Learn
Large Language Models (LLMs) 101

Knowledge Distillation: Transferring Knowledge from Large, Computationally Expensive LLMs to Smaller Ones Without Sacrificing Validity

Nov 11, 202413 min read

Knowledge distillation is a machine learning technique in which the knowledge of a large, complex model (teacher) is transferred to a smaller, simpler model (student).

By Haziqa Sajid

Read the entire series

Large language models (LLMs) like GPT-4, Gemini, and Claude have stood out as groundbreaking technologies in the rapidly evolving field of AI. They can generate human-like text and solve complex problems, showcasing emergent abilities beyond their original training objectives.

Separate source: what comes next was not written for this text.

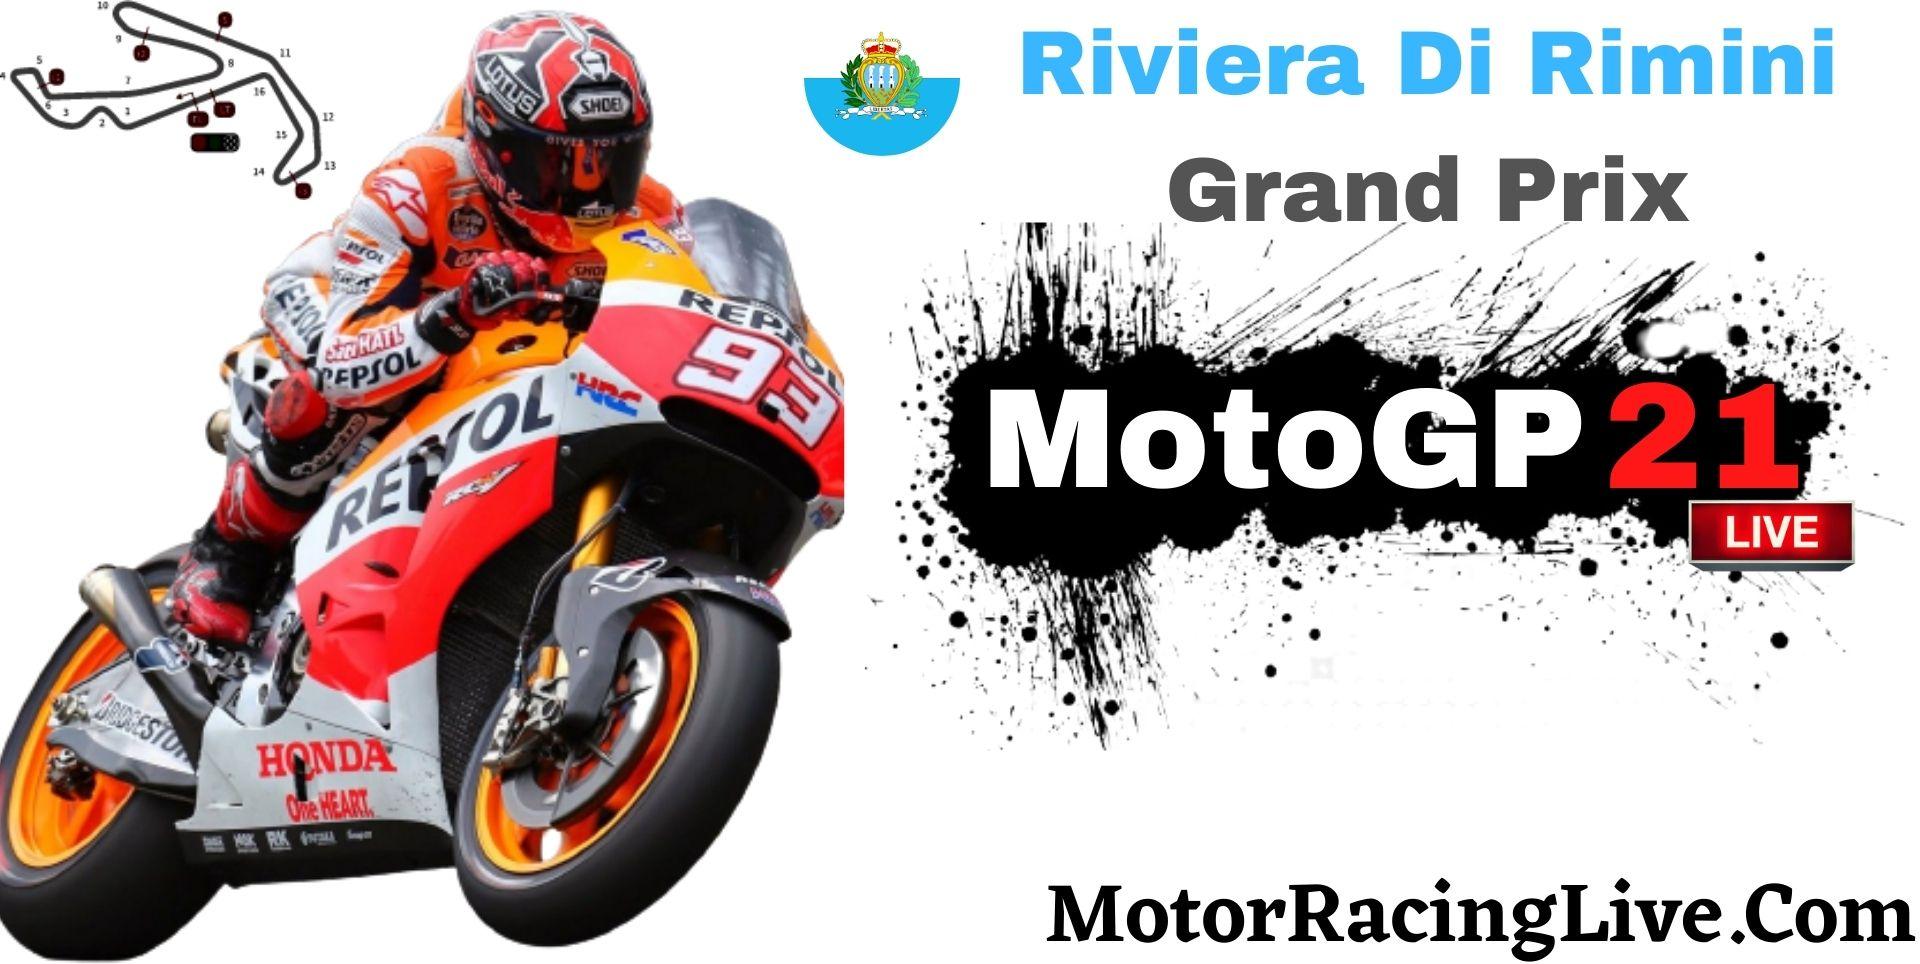 Riviera Di Rimini Grand Prix MotoGP 2021 Live | Full Race Replay

Despite their impressive abilities, proprietary LLMs like GPT-4 have limitations, including restricted accessibility, high costs, and data privacy and security concerns. Open-source models like LLaMA and Mistral give advantages over proprietary LLMs in accessibility and adaptability but can suffer from smaller model scales and lower performance.

Knowledge Distillation (KD) is an important technique for bridging this gap. Through distillation techniques, the gap between proprietary LLMs and open-source models is greatly reduced and even filled. Knowledge distillation is important for improving the capabilities of LLMs, model compression, and self-improvement. Additionally, it helps models act as their own teachers for self-improvement.

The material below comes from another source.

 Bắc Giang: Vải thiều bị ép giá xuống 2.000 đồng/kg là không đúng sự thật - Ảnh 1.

In this article, we will discuss the significance of knowledge distillation within the context of large language models (LLMs), the need for knowledge distillation, evolving knowledge distillation techniques, their detailed descriptions, and their applications.

Self-improvement via Knowledge Distillation

Figure: Self-improvement via Knowledge Distillation | Source

If you want to explore this topic further, here is the paper: A Survey on Knowledge Distillation of LLMs.

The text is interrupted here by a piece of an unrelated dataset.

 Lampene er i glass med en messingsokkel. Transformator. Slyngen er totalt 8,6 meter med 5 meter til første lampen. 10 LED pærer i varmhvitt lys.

What is Knowledge Distillation (KD)?

Knowledge distillation is a technique where a smaller, simpler "student" model is trained to mimic the behavior of a larger, more complex "teacher" model. Teacher models are trained on a large amount of data and possess a deeper understanding of the task. The goal is to transfer this expertise to the student model, which is optimized to run faster and more efficiently on resource-constrained devices.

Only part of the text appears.